Allows you to customise the installation of an OS installed by PINN.

Introduction

After PINN installs the standard boot and root images to the SD card, this modification allows a custom set of files to be copied, decompressed and extracted onto any partition of the distro being installed. Therefore, several variants of the same OS can be provided from the same installation files, thus saving space.

Flavours

First, a brief explanantion about flavours.

Early versions of NOOBS introduced the concept of flavours to install the same version of Raspbian in 3 different ways: to boot to the command line, desktop or straight into Scratch, without the need to store the installation files for 3 separate versions of the same OS. These days, this functionality is provided by raspi-config and no other distro made use of the functionality of flavours. So PINN enhanced this functionality to provide more comprehensive yet simple customisation features.

In this documentation I use flavour to represent the "os name" plus a "flavour" suffix. Typically a flavour name is the os name appended with a dash and the flavour suffix. See flavours.json if it exists for your distro.

Customisation Files

Three types of customisation files can be used. They must all have the same base filename of (flavour)_(partitionName) and differ in the three extensions that may be used:

  • (flavour)_(partitionName).tar
  • (flavour)_(partitionName).tar.xz
  • (flavour)_(partitionName).txt

(Any spaces in the flavour or partitionName should be replaced by underscores)
The above files can be used individually or in combination. If more than one is found they are processed in the above order. They should be placed in the os/(distro) folder.
The .tar file will be un-tarred to the root of the appropriate partition.
The .tar.xz file is assumed to be a compressed tar file and is treated in the same way as a .tar file after decompression.
The .txt file is a control file that PINN will process to customise the OS. In its simplest form it provides a list of files to be installed over the OS, each on a separate line. Additionally, it can include controls to change folders, specify additional .tar files to install, or even include other .txt control files. In this way, many customisations can be provided individually and a master control file canbe used to selectively install a subset of them. This are described in more detail in Advanced Customisations below.

Detailed Description

What can it be used for?

This method is for simple customisations of a distro. It behaves a bit like applying a patch file to the distro after it has been installed. As such it can replace or add files to the distro, but not delete existing files.
Some examples of its use are therefore:

  • setting up wifi so that it works "out of the box"
  • installing script files to install other packages (either manually or on first boot - like raspi-config)
  • provide standard configurations for config.txt (instead of requiring raspi-config to be executed on first execution)
  • install a standard set of "lesson support materials" into the /home/pi folder.

Benefits

  • ideal for small customisations
  • does not require the creation of a full customised OS
  • independent of PINN distributions
  • the same customisations can be quickly and easily applied to a subsequent update of an OS distribution.

What it doesn't do

Currently it does not execute user-defined scripts, it simply copies/replaces existing files. Whilst it could be used to copy entire packages onto the distro, this use is not recommended and it is suggested to follow the existing instructions to create a customised OS if the modifications are extensive.

Rationale

I like to use the latest version of PINN whenever it is released, ensuring I get all the latest updates and distro versions. However, whenever I update to a new version, or reinstall a distro from PINN, I end up having to apply the same customisations and installations over and over again. I've now learnt to create scripts for these common operations and a custom tarball that I can use to overwrite files like /etc/network/interfaces etc. But it's still an extra step to perform after PINN has finished. So I thought about how this could be applied automatically.

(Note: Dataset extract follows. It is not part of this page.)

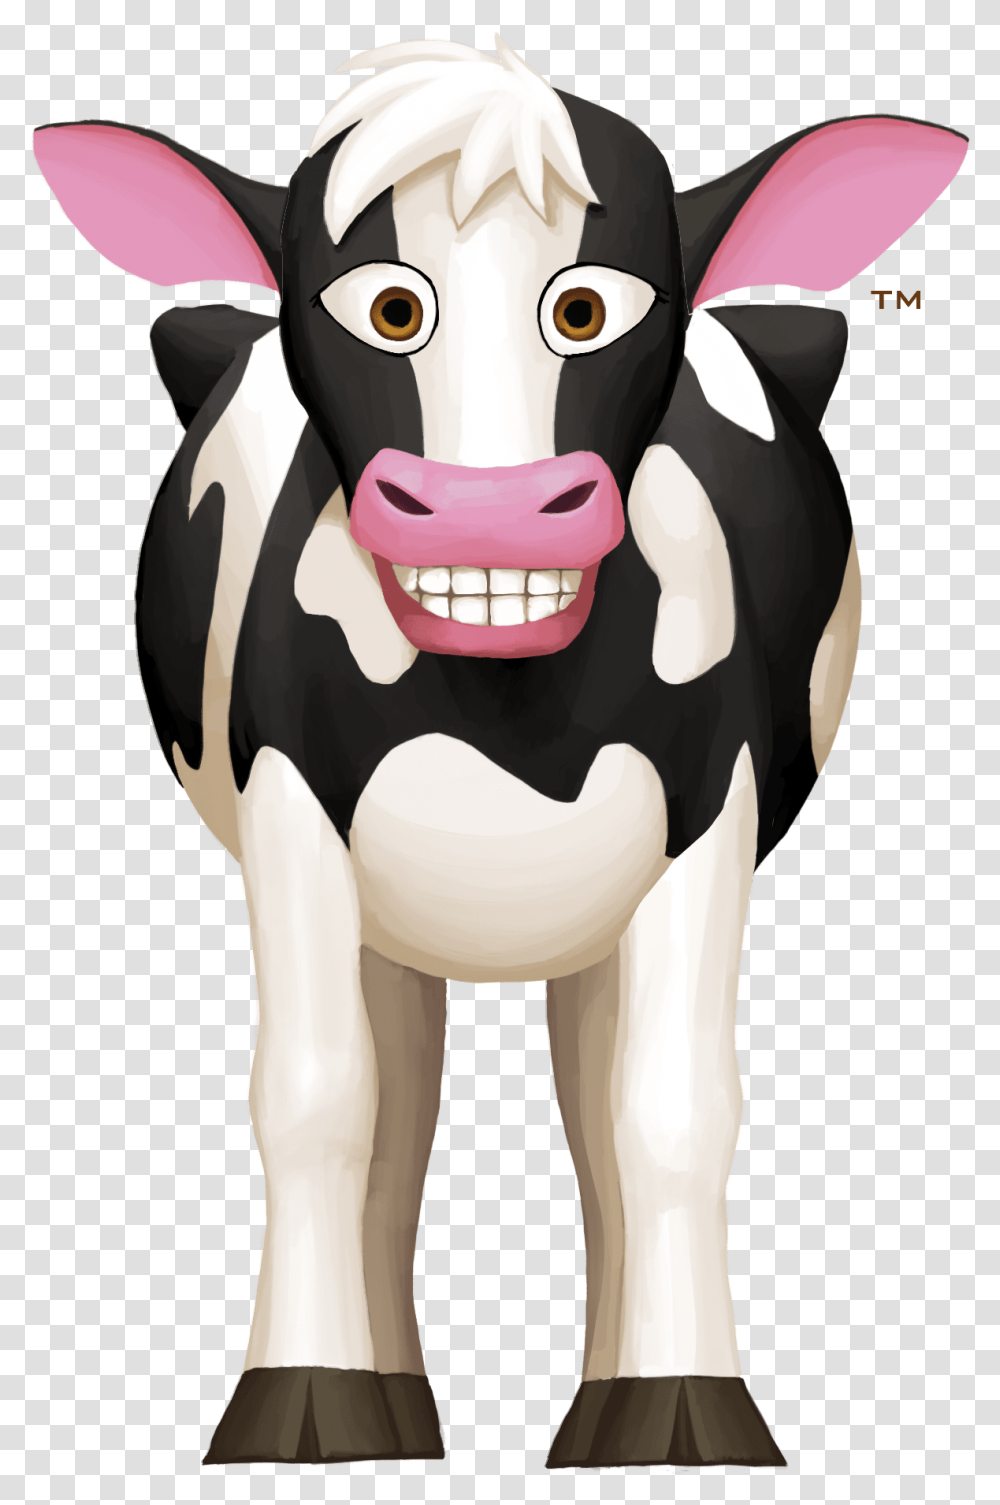 Angry Cow Clipart Full Size Clipart 4201969 Pinclipart Angry Cow Cartoon, Cattle, Mammal, Animal, Dairy Cow Transparent Png

The ability to patch using a flavour would be ideal for schools and others, it could save building full custom images and avoids having to rebuild it for every new release of Raspbian. It would also allow Zero-config setups, for instance you'd be able to configure PINN to auto-install a distro which has direct wifi networking enabled out of the box.

How does the PINNconfig customisation work?

After PINN has installed a distro, it runs the partition_setup.sh script for that distro. Then it looks for files in the distro folder with a basename of (flavour)_(partitionName) and an extension of either .tar, .tar.xz or .txt.

Note that (flavour) and (partitionName) must exactly match (in characters and case) the names provided in the *.json files that describe each OS in order for them to be recognised. Any spaces should be replaced with underscores. So, for the standard v1.3.4 installation of PINN, the following base filenames were valid:

Arch_boot
Arch_root
Data_Partition_data
OpenELEC_Storage
OpenELEC_System
Pidora_boot
Pidora_rootfs
Raspbian_boot
Raspbian_root
Raspbian_-_Boot_to_Scratch_boot
Raspbian_-_Boot_to_Scratch_root
RaspBMC_boot
RaspBMC_root

If a file is found with the appropriate base filename above and one of the following extensions, then the following actions are carried out: A filename ending in .tar is untarred onto the appropriate partition. A filename ending in .tar.xz is decompressed, and untarred onto the appropriate partition.

So to add/replace some custom files on your distro, you just need to create a tar ball with the correct name, optionally compress it using XZ, drop it into the distro folder and install the distro as usual - simples! Some helper scripts are provided to help create these tarballs (see the Helpers folder).

(A filename with the appropriate basename ending in .txt is processed according to the Advanced Customisation section described below.)

If you add any other distros, flavours or OS partition names, you need to name the custom files according to the filename format above.

How to Create a Custom Tarball

These instructions assume you already have a working installation of a distro on the RPi and you want to capture the customisations you have made for future installations of the same distro.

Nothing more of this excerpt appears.